Does My Boyfriend Deserve Forgiveness?

My boyfriend is a recovering heroin addict who has been clean for 116 days. I haven't seen him since he left for his home after inpatient. We have only skyped since then. We have been together almost 5 years and we had the perfect relationship and talked about marriage before his addiction. His addiction negatively affected our relationship for 1.5 years because, and I didn't know this at the time, too addicted and depressed to get out of bed to do fun thigs with me, and he lied to me all the time he said he was with friends but actually by himself doing drugs in his car. I can tell he is doing well and he has accepted recovery wholeheartedly. He has been working a great job for a little over a month and really likes it and he has been seeing therapists. I am still wary to fully forgive him and I'm thinking about not taking him back. I am just hurt he would have started using in our perfect relationship in the first place and hurt by the what he did to our relationship and in turn me. I am also worried that even though he is doing well now he may relapse 10 years in the future. All my friends are telling to leave him too. We do love each other a lot and I can tell he is really sad by what he did and that he is trying very hard. Does he deserve my forgiveness though?
Hi ohman- it is not about forgiveness - it is about acceptance- your boyfriend is an addict- and will be for life -it doesent change- are you willing to accept the fact that your boyfriend is an addict - that is the real question. your boyfriend lied to you in order to use- that is the way it works - when an addict is using we will lie, cheat, manipulate and steal if necessary to feed our addiction, it's what we do- your boyfriend may be the best in the world when clean - but when he is in active addiction the drugs will come first, before you, and everything and everyone else- thats the way it works- you have to decide whether you can live with the fact that some day your boyfriend may relapse, not everybody does, but in reality many do, if your boyfriend really wants to get clean and is prepared to work at it he may well remain clean - it depends on how bad he wants this. this decision is his alone to make and is no reflection on you or your relationship. if your boyfriend is trying to stay clean for you or the sake of your relationship then his chances are not great- he needs to want to do this for himself, no other reason- if he wants to stay clean more than he wants to get high he has a good chance of staying clean- you must also realise that in early recovery most of his energy and time will be consumed with his recovery he may not have much time for you or your relationship- sorry this sounds harsh but these are the facts- addiction is hard to deal with for both the addict and those involved with the addict- as i said its about whether you want to accept the fact that your boyfreind is an addict and all that goes with this. i wish you the best of luck whatever decision you make -
Well we love each other very much and I know he is doing as much as any addict could to stay clean. Gym multiple therapists, multiple different types of meetings and he has already gotten a great job. I can tell he is very sorry about how his addiction affected me and our relationship. I also know that despite what everyone says here all addicts are not created equal and if my boyfriend was worse I probably would have left him. He never injected never committed crimes other than obtaining and using drugs never went to jail was never ever mean to me he just wasn't able to fully be in our relationship because he was so sick and he became very depressed because he couldn't quit. When he asked for help he went for it 100% and never waivered or turned back. But my main worry is that although things are great now 10 or 20 years from now he may relapse. He says he already has many coping skills he did not have before and that he can't stand the pain his addiction caused me and him ever again. He also says if our positions were reversed he would have stuck with me and supported me which I believe. I mean everyone does deserve forgiveness once right?

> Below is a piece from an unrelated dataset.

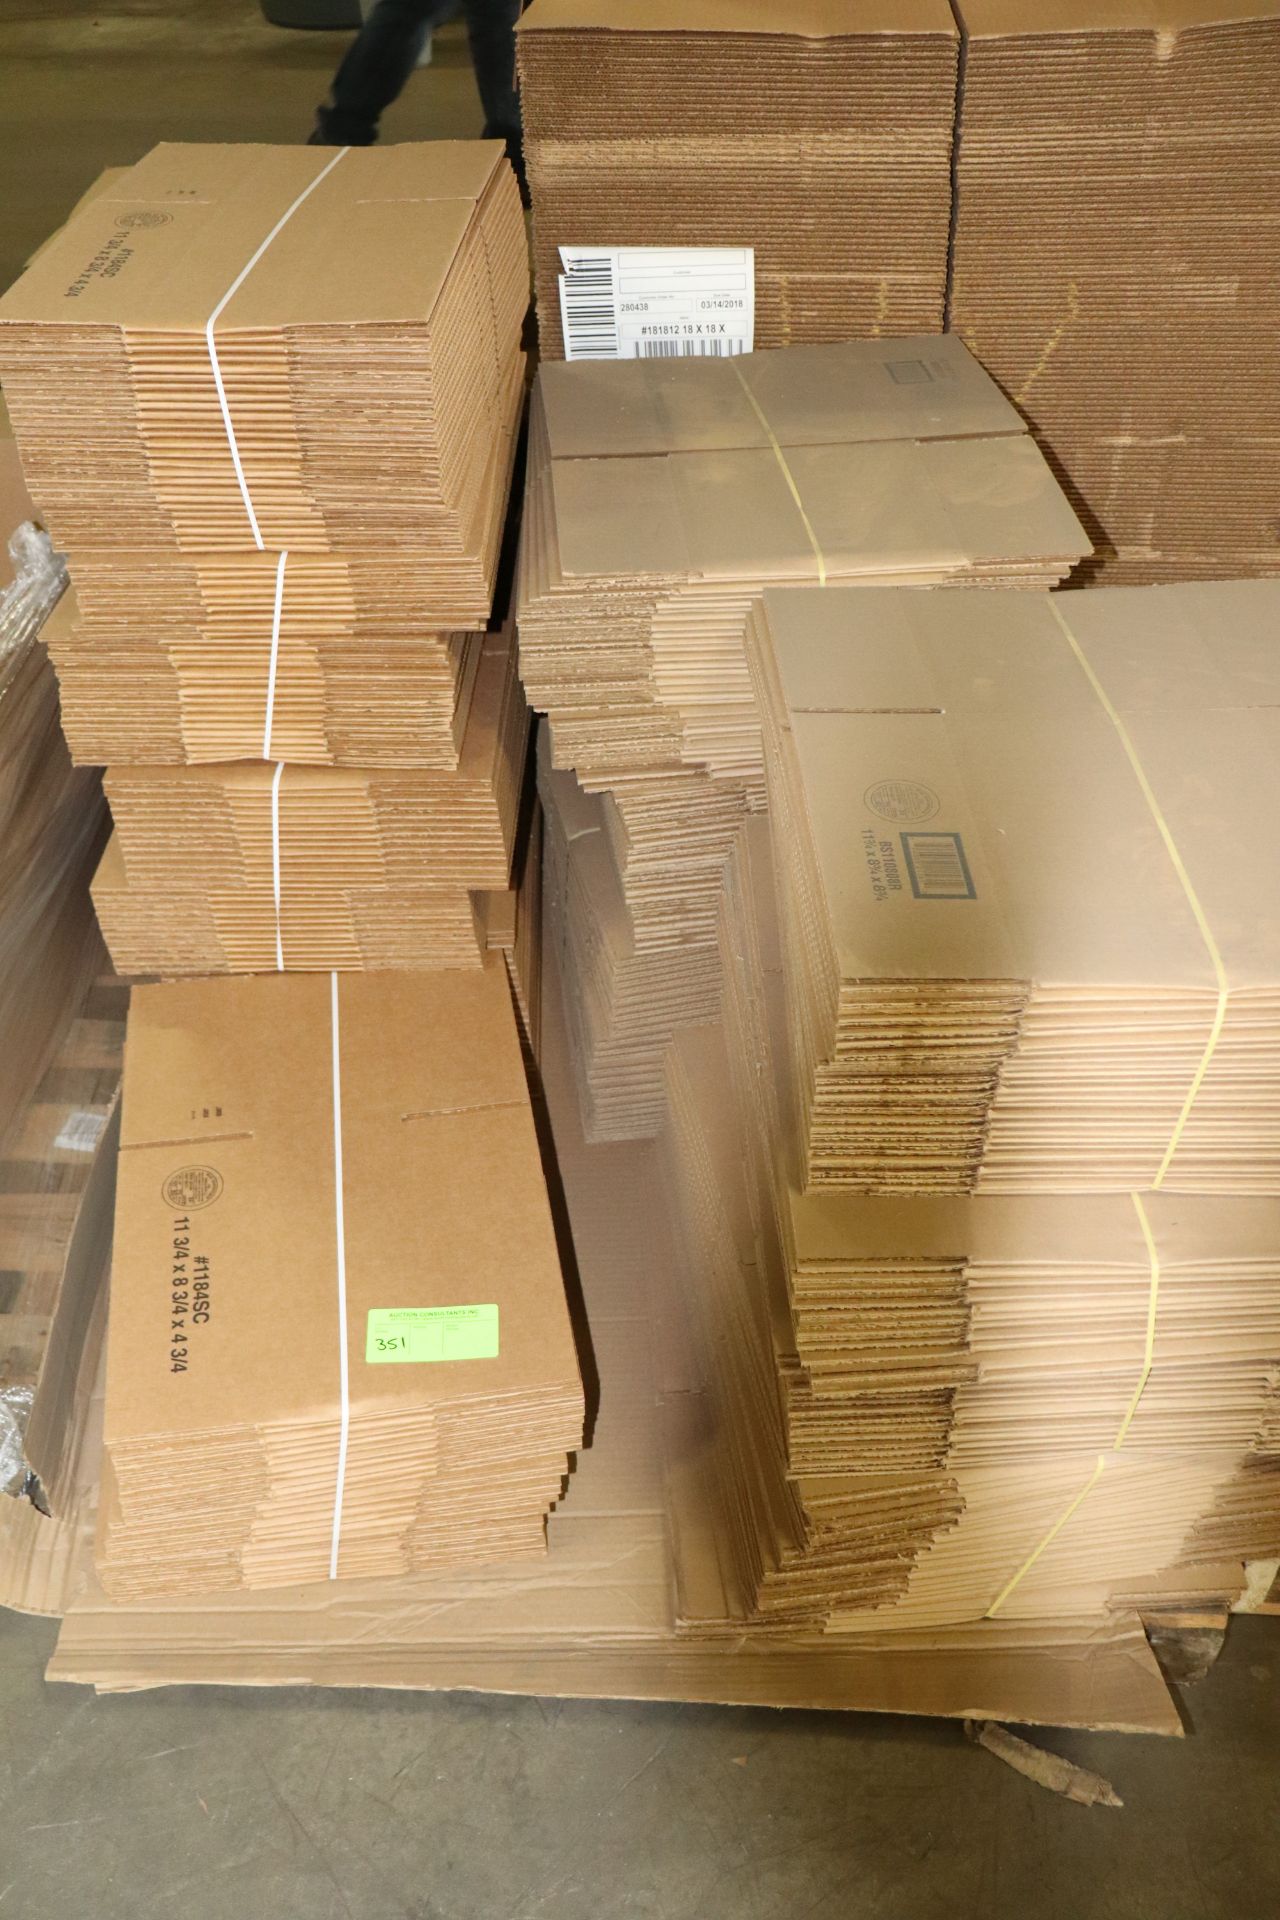 Pallet of boxes, 11-3/4" x 8-3/4" x 8-3/4" and 11-3/4" x 8-3/4" x 4-3/4"

Just remember that no one can predict what will happen in 10 or 20 years. Even with non-addicts bad things happen to people, they get cancer, they become mentally ill, they die, they cheat, you get the picture. So what I am saying is if you go into this with eyes wide open that is the best you can do and hope for the best but be on the lookout for any warning signs. This is something he will have to deal with the rest of his life but it doesn't mean he can't stay sober the rest of his life. Just as if your loved one had cancer and it is now in remission does not mean it won't return in 10-20 years, follow your heart but let your mind stay alert and strong! Good luck.
Hi I've. Been with same guy from 17 to 42.my best friend love of my life soul mate blah blah blah. Heroin addict. I live with my parents with my blind dog.He didn't even call me on my birthday. You love who you love but be prepared for a Lifetime of letdowns and heartbreaks.